Thirty-five children have died in the last eight weeks alone and more than two thirds of those patients died within 48 hours of admission.
“Clearly, many people in Afar cannot access the very minimum levels of healthcare, food and water necessary to sustain human life due to a combination of recent conflict, displacement, lack of access to healthcare, food and water scarcity, combined with an insufficient humanitarian response,” said Veicht. “
To even begin to get control of this, a major scale of humanitarian assistance is urgently needed for displaced people and vulnerable host communities, with food security, primary healthcare, nutrition and water as key points of focus.”

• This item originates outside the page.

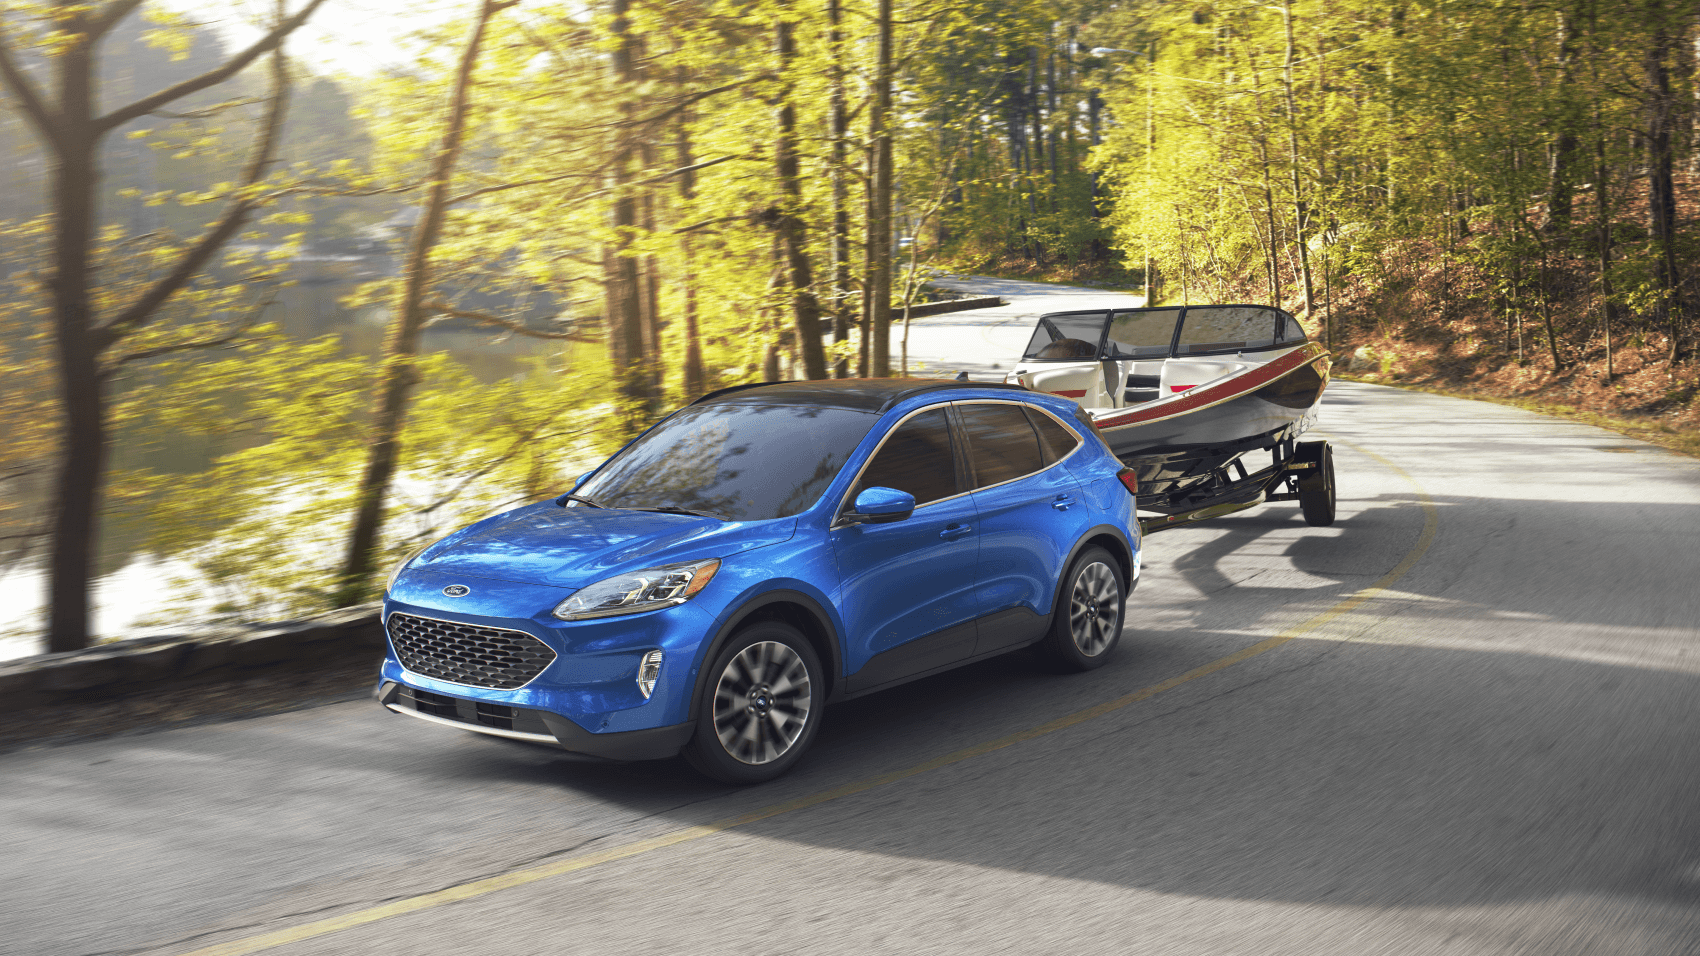 2021 Ford Escape Blue Towing Boat

In two days alone, we saw 41 children admitted to the paediatric ward with severe stomach infections because people are forced to drink from muddy puddles,” said Veicht.
MSF has recently agreed with the Ethiopian Ministry of Health to increase the hospital’s paediatric, in-patient feeding and emergency department capacity, including with the rapid construction of new buildings and to support sanitation and the establishment of a reliable water source. In parallel, MSF plans to open five out-patient feeding programs in the most critically needed areas, but far more is needed to stave off a looming crisis.
Hundreds of thousands of people are struggling to survive not only in Afar but also other parts of Ethiopia. In Wardher, Somali region, rains have finally started, but people are still experiencing compounded challenges of food and water insecurity linked to an extended period of drought.
In order to avoid further excess morbidity and mortality as a consequence of the ongoing nutritional crisis in Afar and other parts of Ethiopia, the humanitarian community must act with urgency.